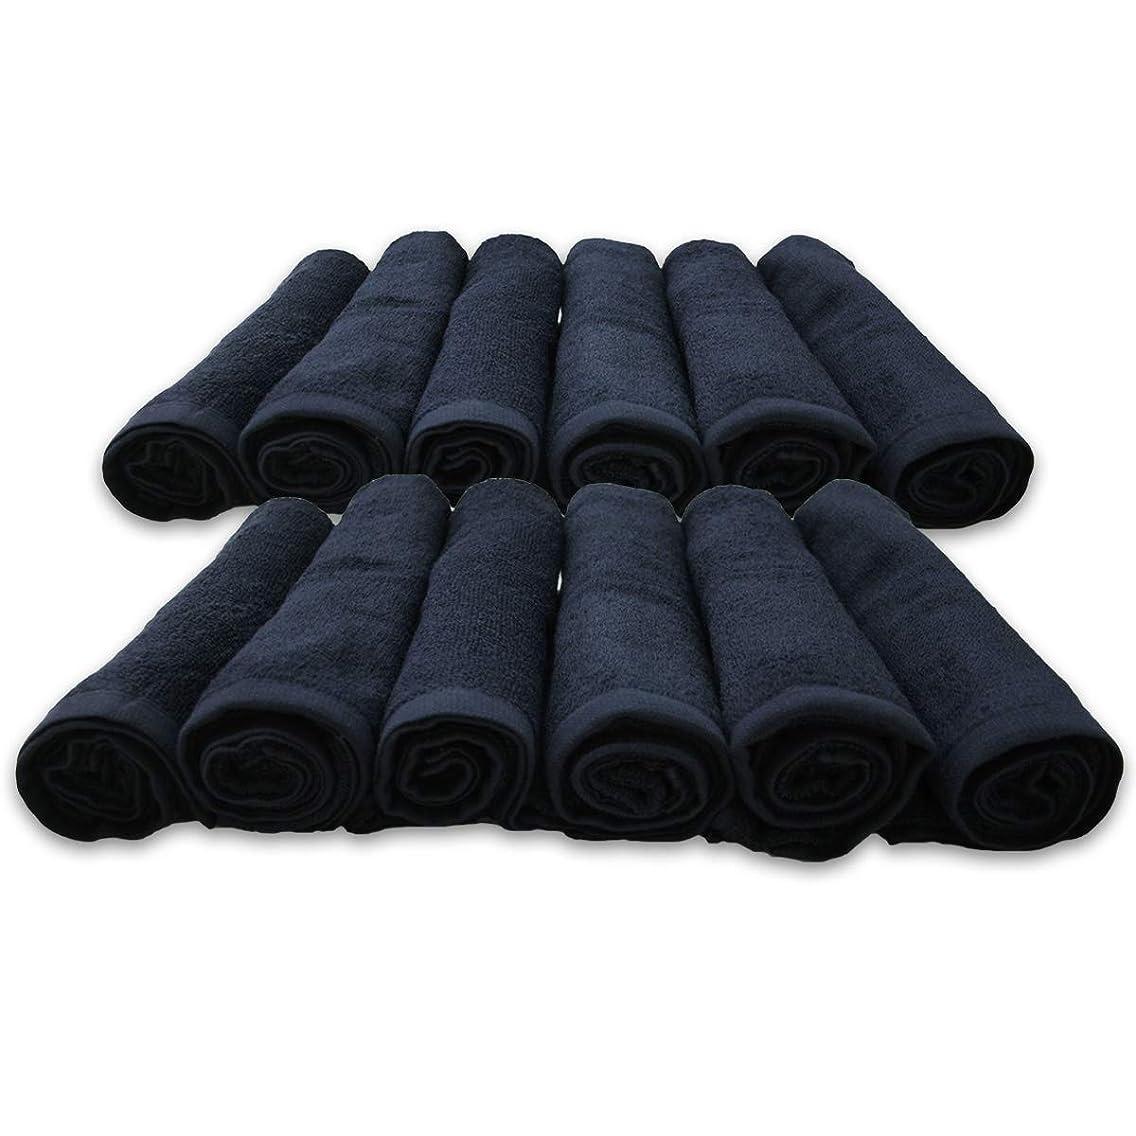 ドレス武器リットルフェイスタオル 業務用 12枚セット 34×86cm 240匁 色落ちしにくいスレン染め 02-060-12P (ブラック)
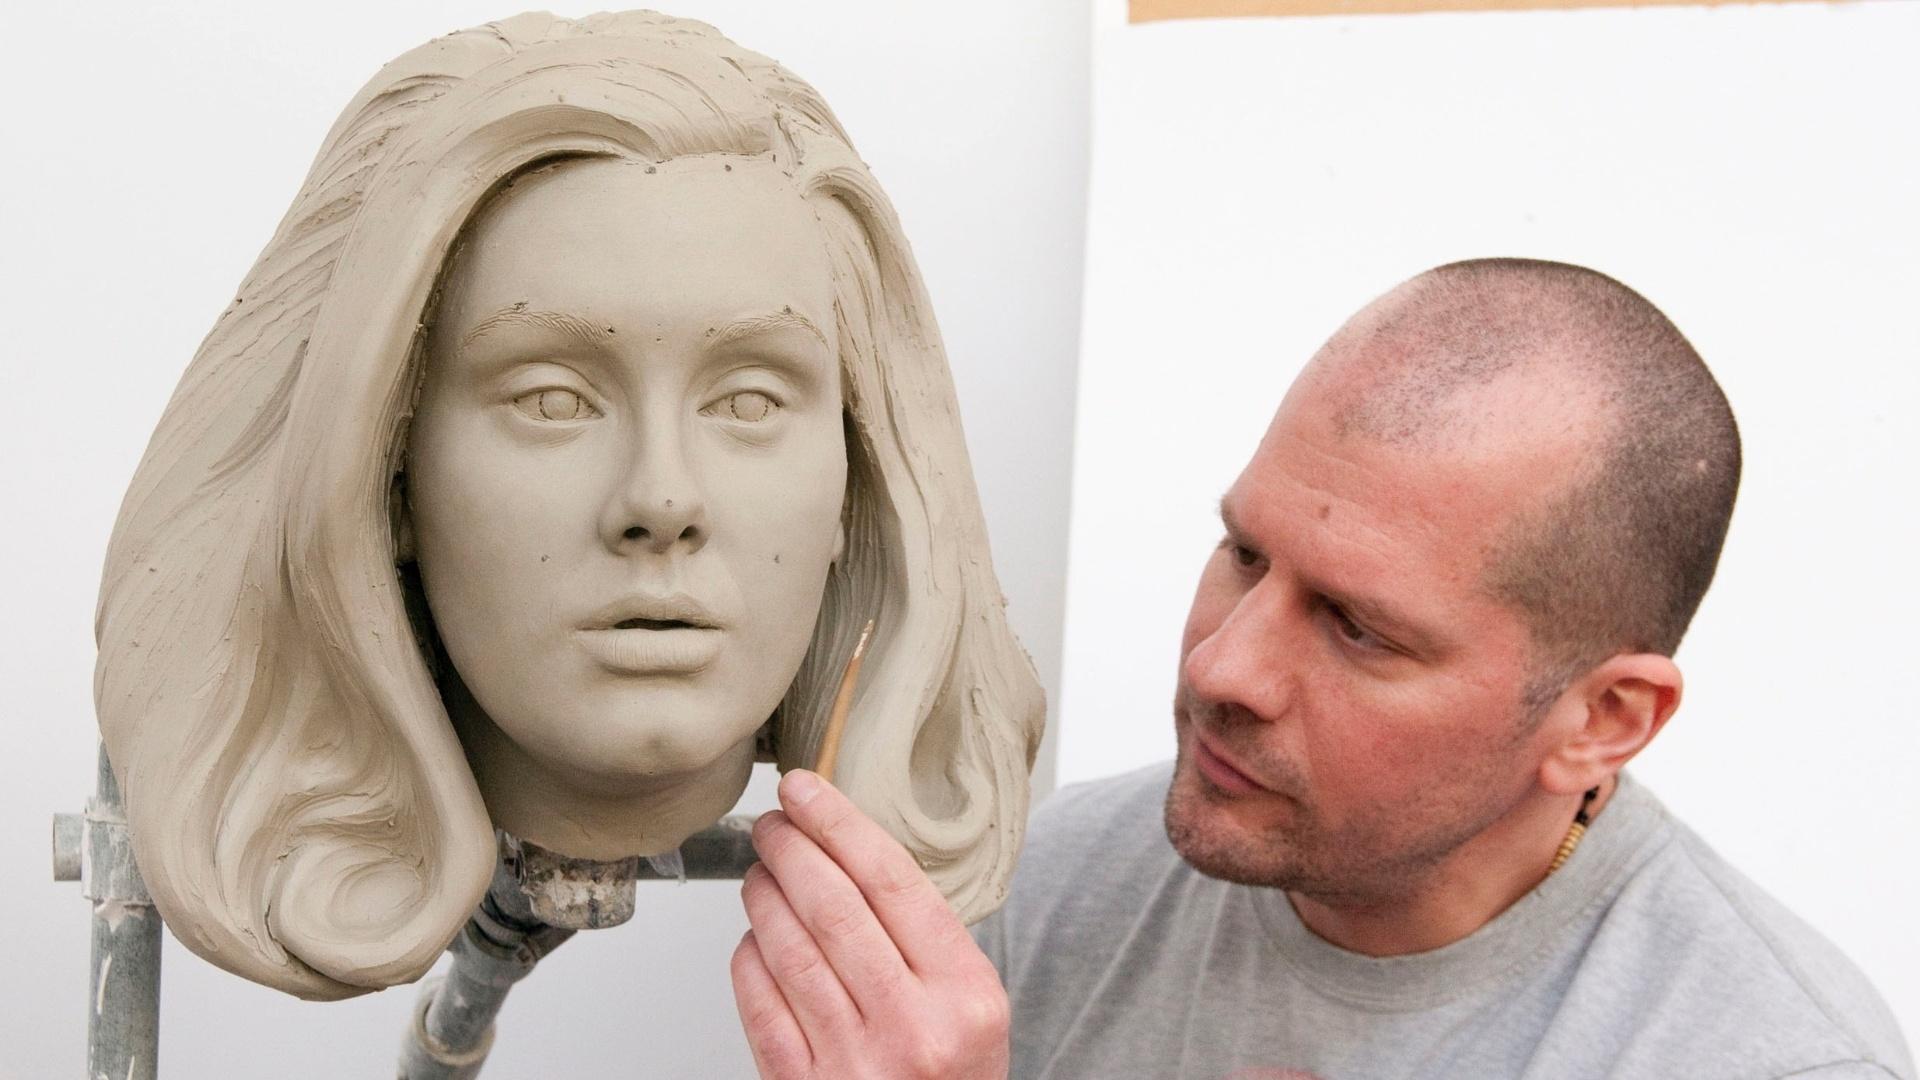 2.abr.2013 - Escultor Louis Wiltshire faz cabeça de argila que será usada como molde para estátua de cera da cantora Adele no museu Madame Tussauds em Londres e Amsterdã. Foto de 2 de abril divulgada em 2 de maio
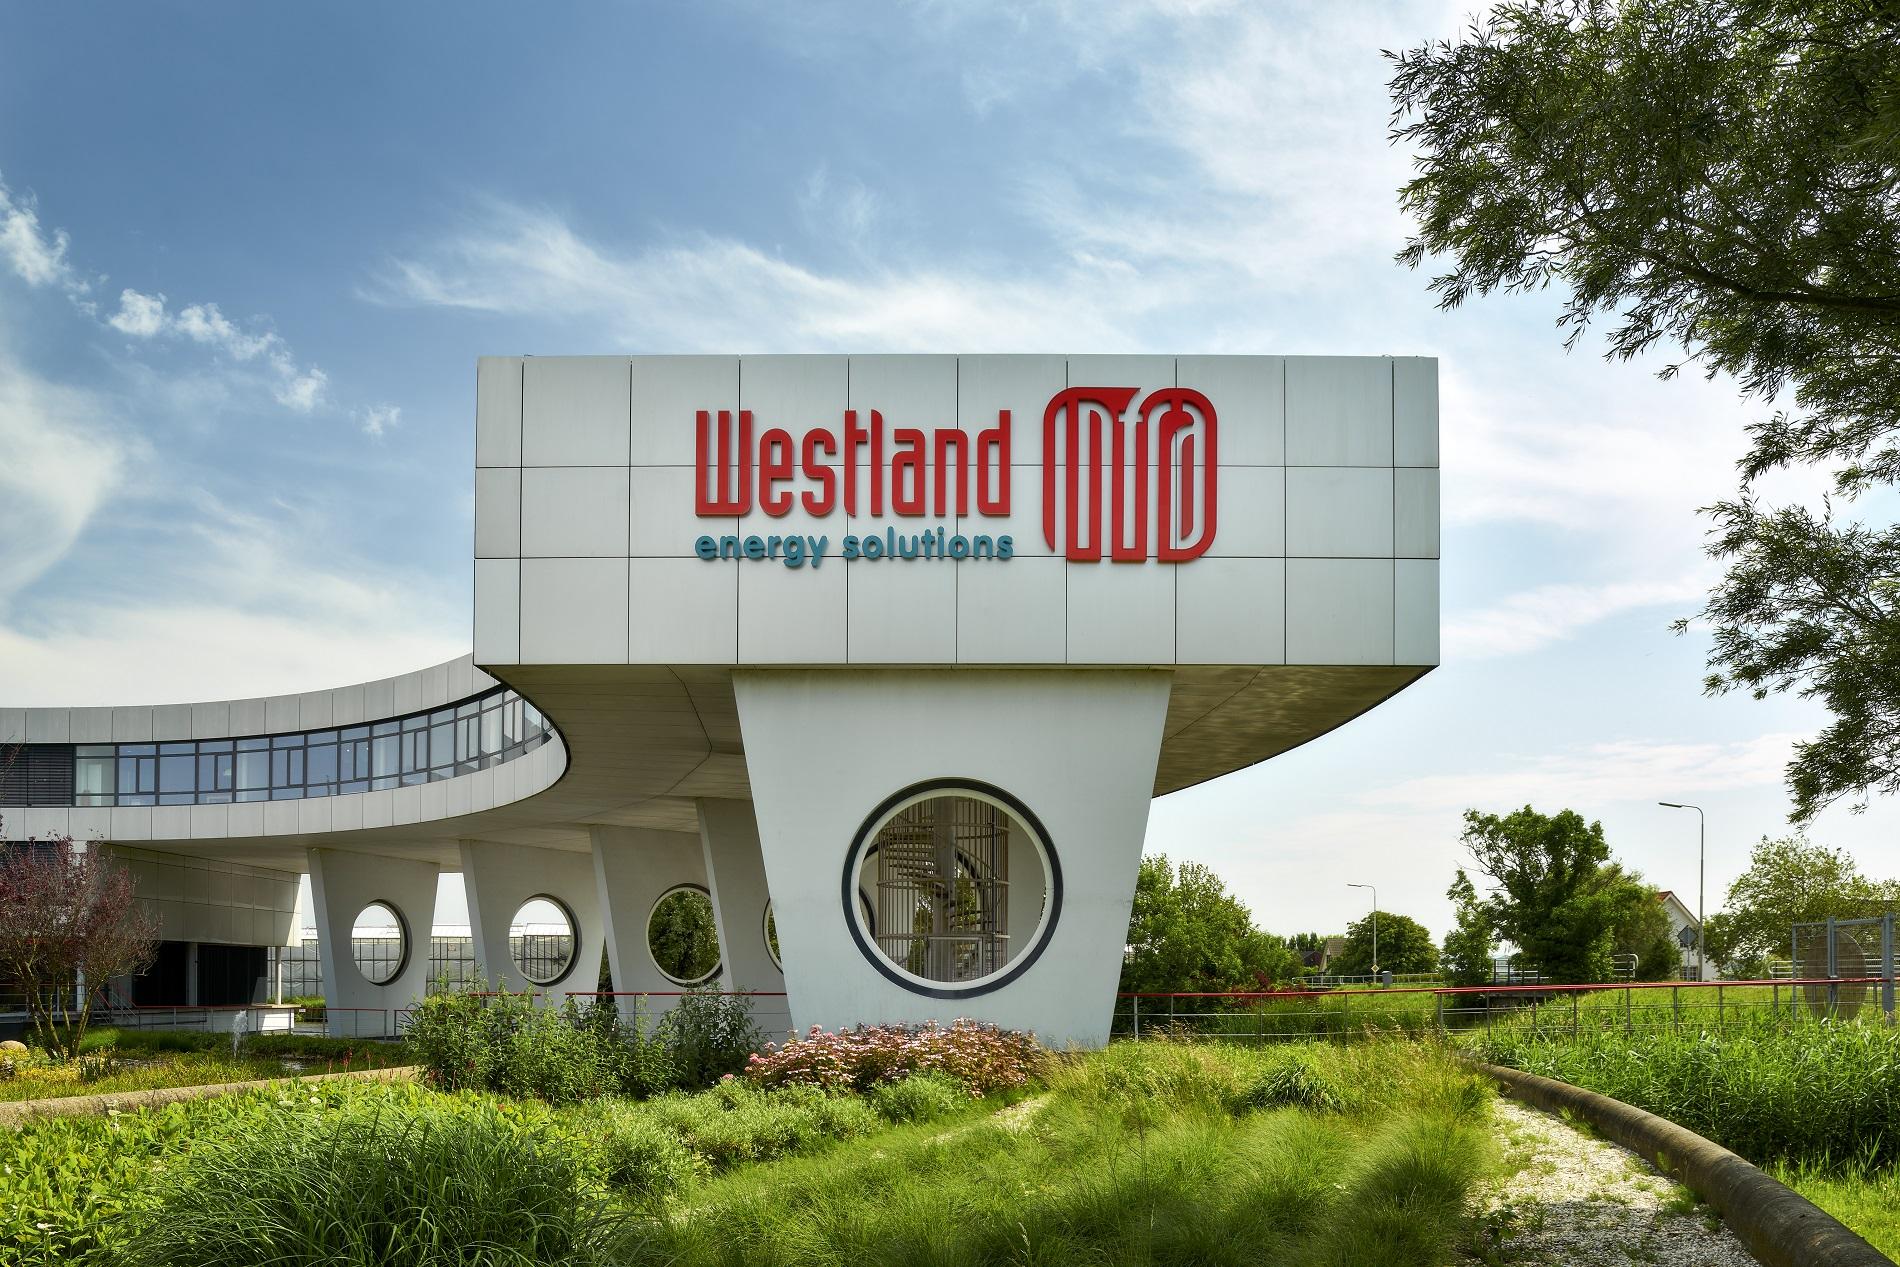 Hm-westland-infra-hr-01jpeg_1602427978
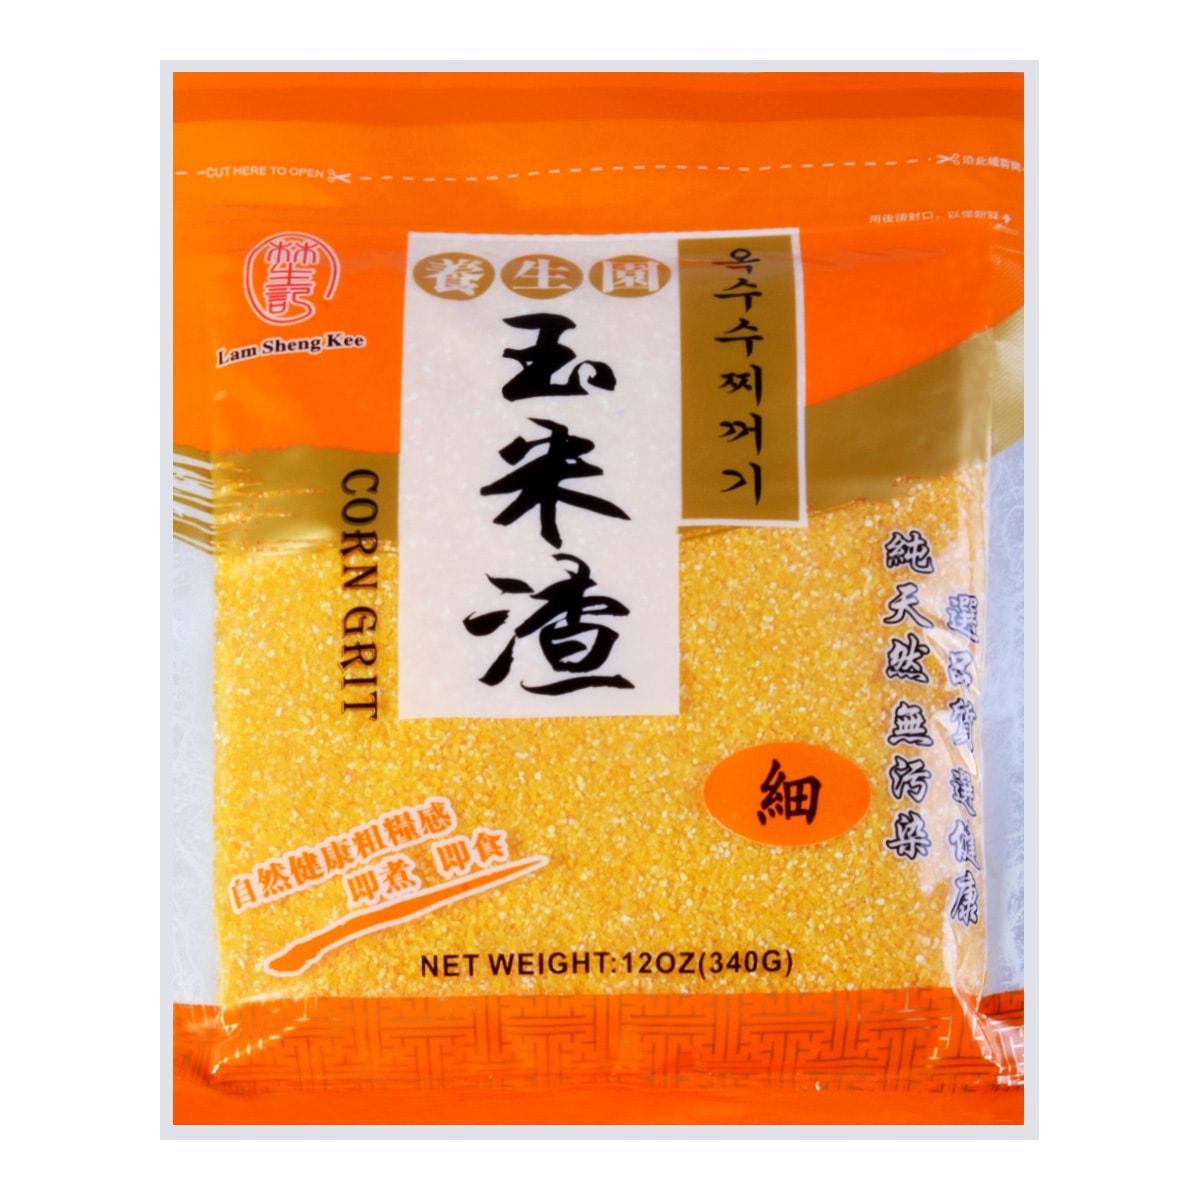 香港林生记 养生细玉米渣  340g

**Task prompt:**
Could you output the listing word for word, omitting every picture?

**Problem solution:**
 ドレス武器リットルフェイスタオル 業務用 12枚セット 34×86cm 240匁 色落ちしにくいスレン染め 02-060-12P (ブラック)
 2.abr.2013 - Escultor Louis Wiltshire faz cabeça de argila que será usada como molde para estátua de cera da cantora Adele no museu Madame Tussauds em Londres e Amsterdã. Foto de 2 de abril divulgada em 2 de maio
 Hm-westland-infra-hr-01jpeg_1602427978
 香港林生记 养生细玉米渣  340g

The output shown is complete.